My tv room is right next to my computer room (mid size apartment). I was hoping to get a reliable wireless surround sound system to work for both the home theater and PC.

Is this possible?

Equipment recommendations?

How much am I realistically spending for this goal?


----------



## JimE (Apr 16, 2009)

chefrob said:


> Is this possible?


Yes



chefrob said:


> Equipment recommendations?


You will need an AVR (Audio Video Receiver), speakers, and a wireless system. I've not used any wireless systems to make any recommendations. And hardware selection largely varies on your budget.



chefrob said:


> How much am I realistically spending for this goal?

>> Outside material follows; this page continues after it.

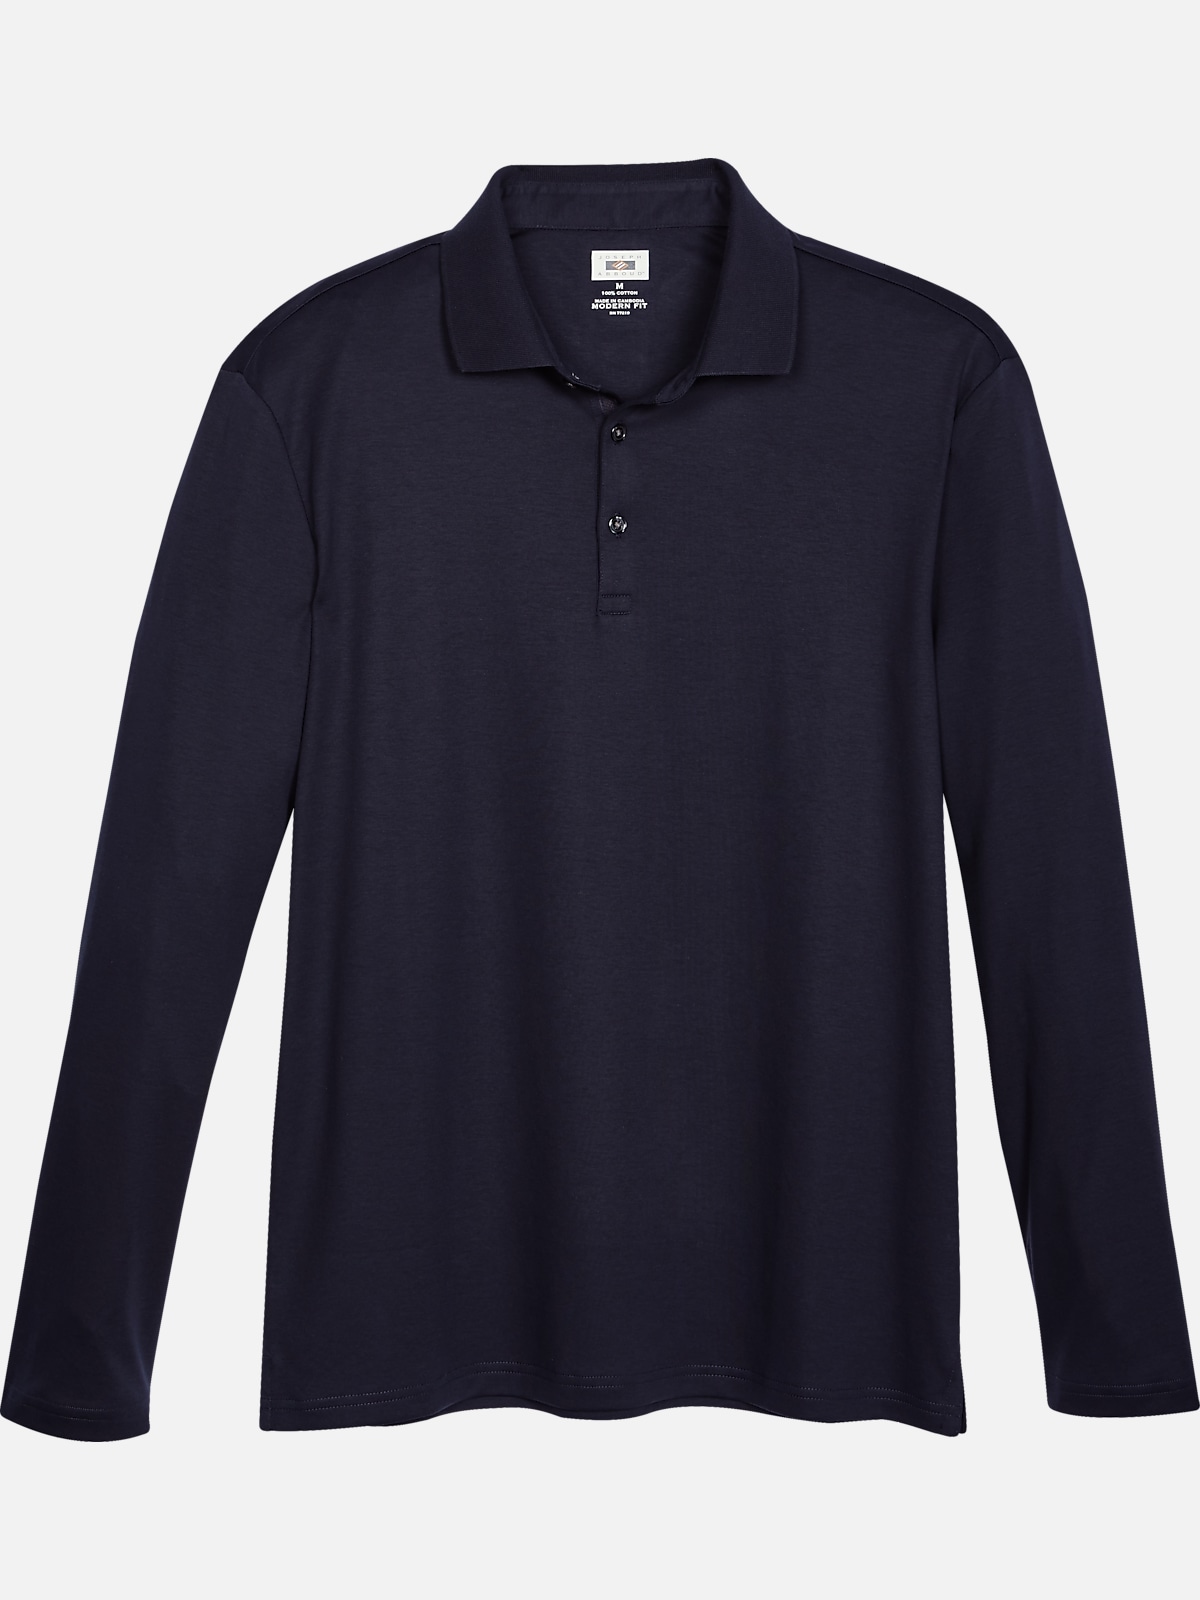 Joseph Abboud Modern Fit Luxe Cotton Long Sleeve Polo | New Arrivals ...

A decent HDMI capable AVR will run $200+, depending on brand and features. Speakers will be at least double that amount, and the speakers are the most important part of the system. 

You could bundle together parts cheaper. Just note that the prices noted above are already low end. So it boils down to your budget and expectations. While I've heard good sounding cheap systems, (sound) quality isn't cheap. Go to a high end audio/speaker store and listen to some quality brand name hardware and you will quickly see (hear) the difference.


An example of wireless adapters: Rocketfish Universal Wireless Rear Speaker Kit RF-WHTIB - Best Buy


----------